En el caso del turismo de reuniones, nos encontramos con que quizá la mayor afectación podría presentarse en las pequeñas y medianas empresas, que tendrán que buscar alternativas más económicas para realizar sus eventos, debido a que muchos de los servicios en los grandes destinos se cotizan en dólares.

El impacto se mitigaría con las empresas transnacionales, que normalmente manejan un presupuesto en la moneda extranjera y no son tan sensibles al tipo de cambio.

Y por otro lado tenemos el turismo receptivo (internacional), que ha encontrado en México una opción de primer nivel para la realización de congresos, convenciones y viajes de incentivo; preferencia que —aunada a la calidad de este país como sede—, será motivada por el tipo de cambio.

Nos queda claro que en lo que no debemos escatimar es en la promoción. Actualmente el gobierno está haciendo un buen trabajo en este rubro, y no debe bajar la guardia; y el sector privado debe estar dispuesto a invertir más en participaciones dentro de ferias internacionales donde se promociona al país.

México genera alrededor de 266 mil encuentros anuales, entre eventos corporativos, ferias, viajes empresariales y exhibiciones, y aunque quizá no logremos que esta cifra tenga un incremento representativo, estamos seguros que tampoco veremos una caída.

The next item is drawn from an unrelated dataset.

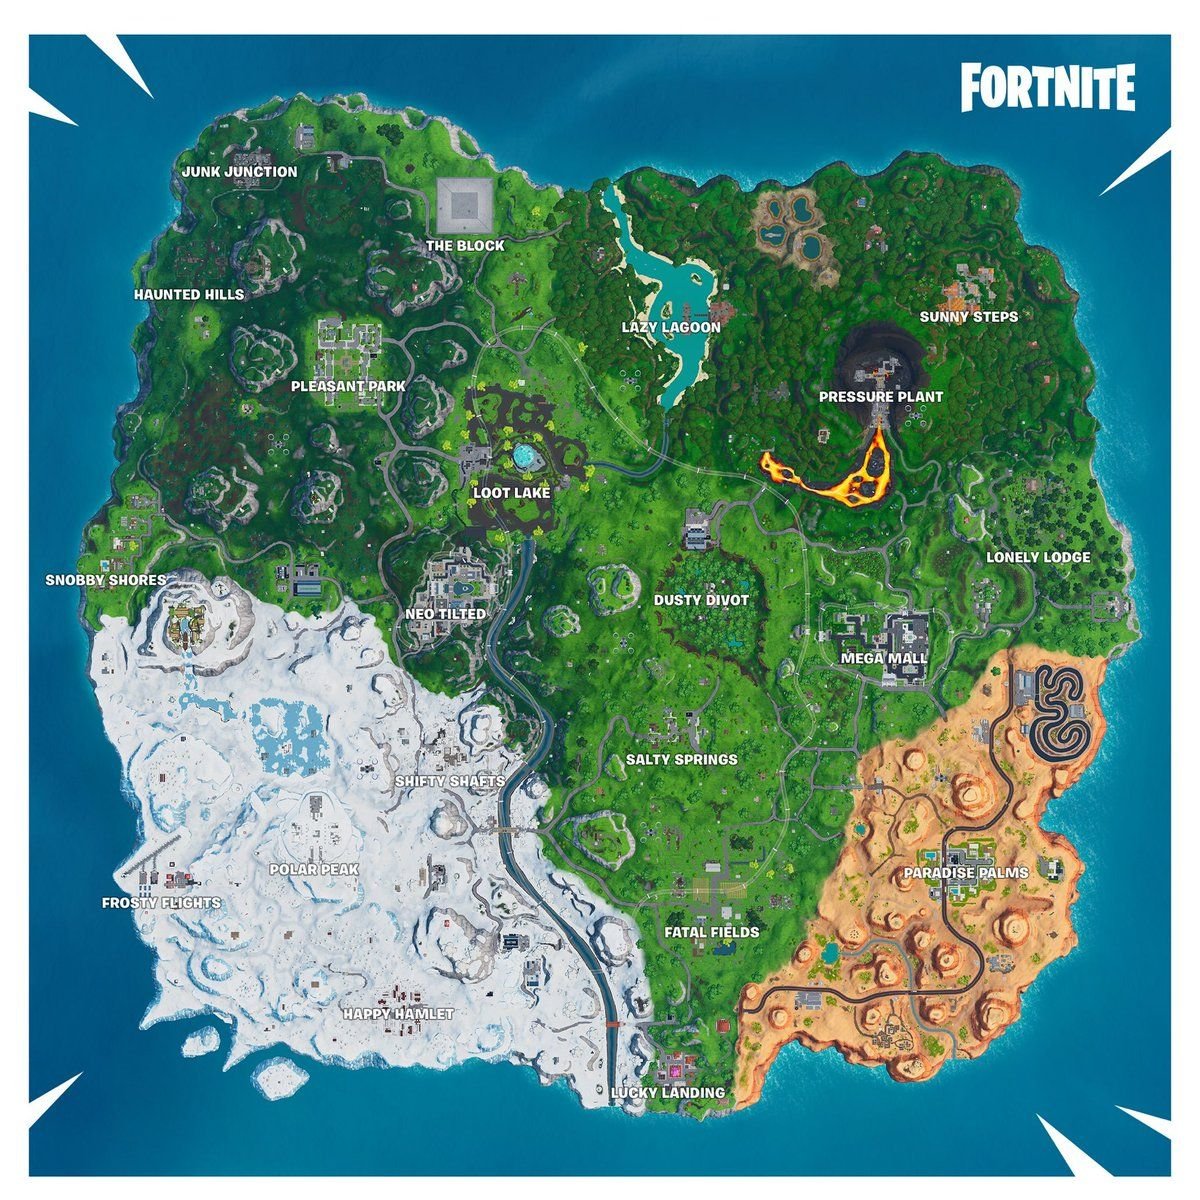 New Fortnite Discover Submission Process for Island and Maps
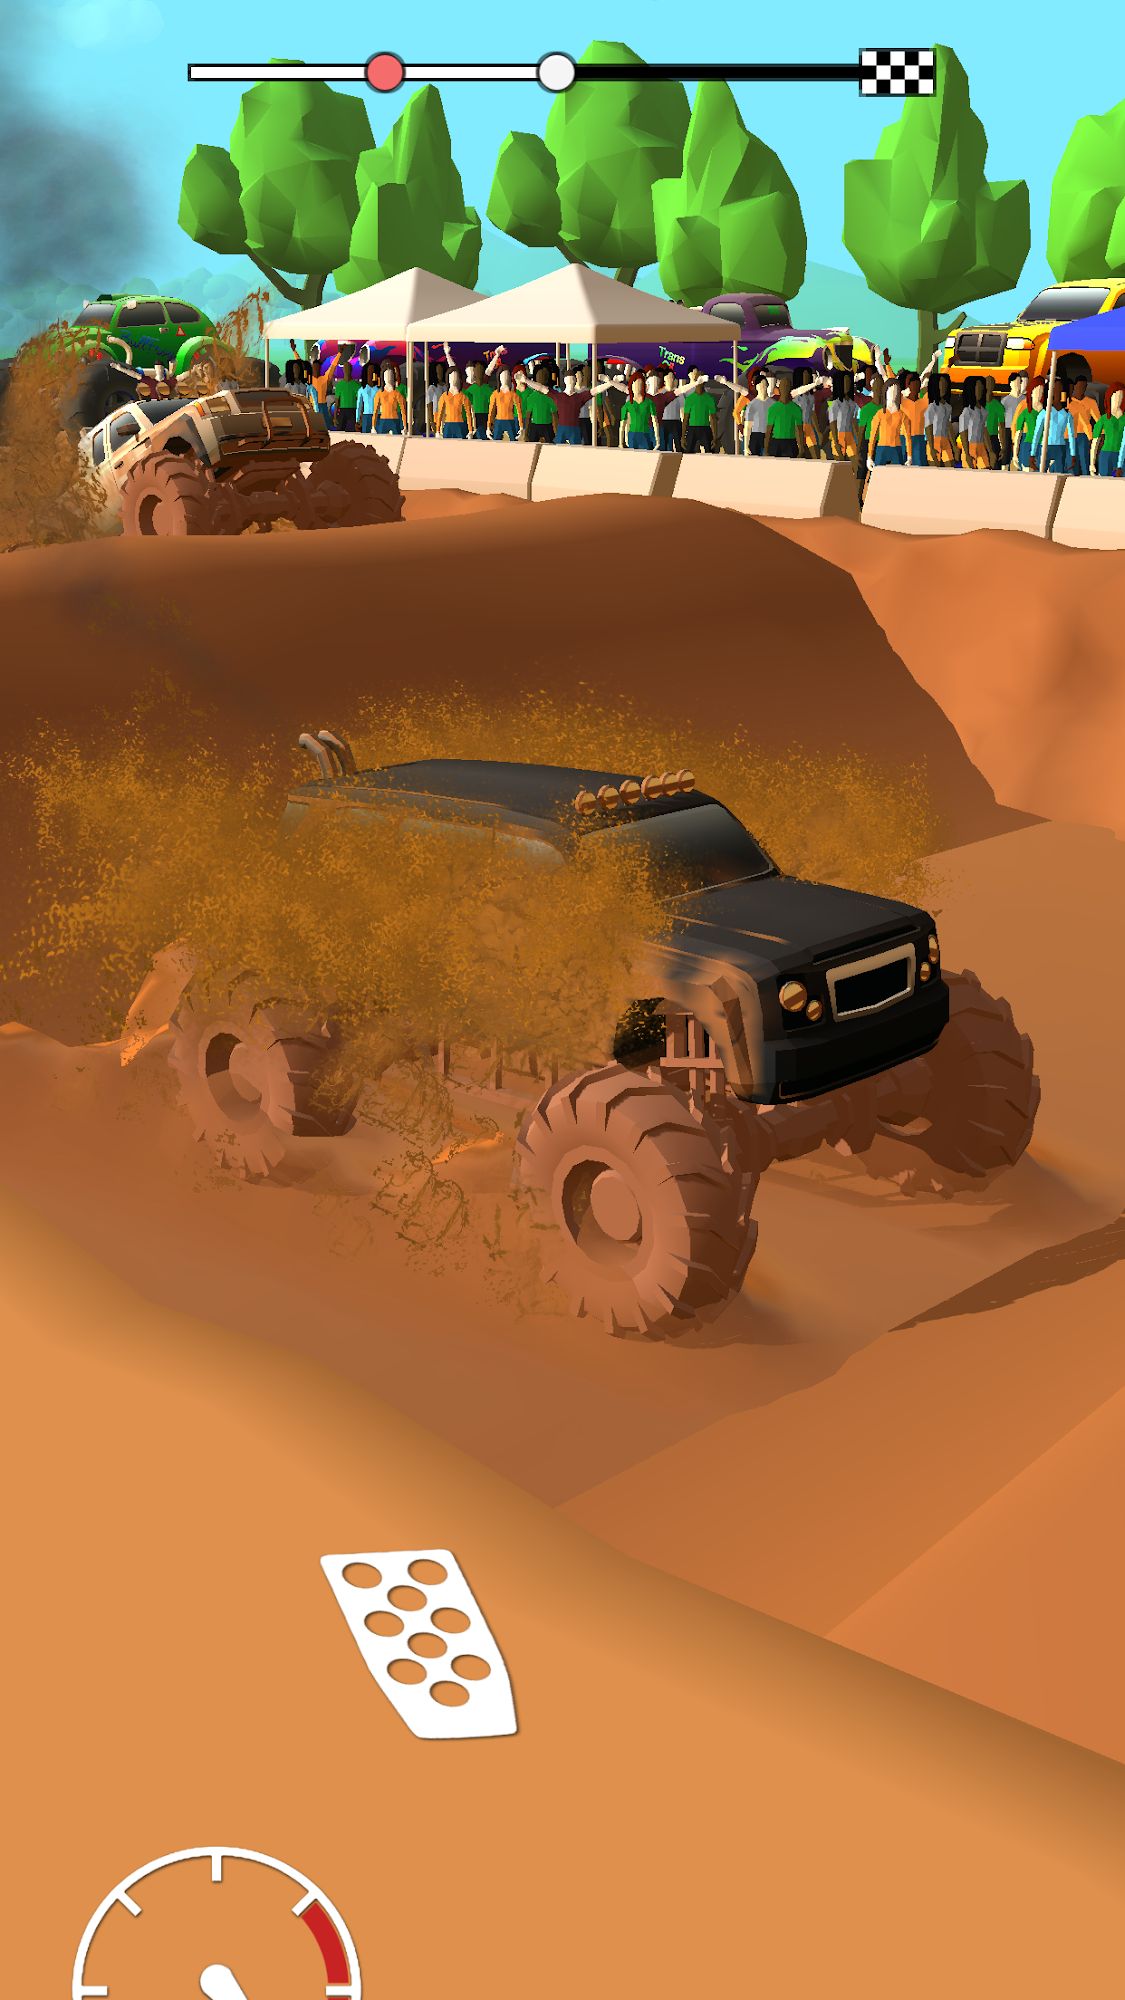 Télécharger Mud Racing: 4х4 Monster Truck Off-Road simulator pour Android gratuit.

De acuerdo con el estudio “La relevancia económica de las reuniones en México 2016”, elaborado por el Consejo de Promoción Turística, de 2010 a 2014 hubo un incremento de 35% en el número de reuniones, donde las de mayor crecimiento fueron las exposiciones, con un 46%, seguidas de las reuniones corporativas con 39%.

Esto es una muestra de que la industria de reuniones en México sigue una tendencia al alza, y se mantendrá en la medida que sigamos ofreciendo infraestructura, seguridad, productos y servicios de primer mundo.

* Michel Wohlmuth, especialista en planeación de eventos corporativos, es Director Ejecutivo de Creatividad, empresa mexicana con 25 años de experiencia y prestigio en la industria, cuyo objetivo es impulsar una cultura de relacionamiento.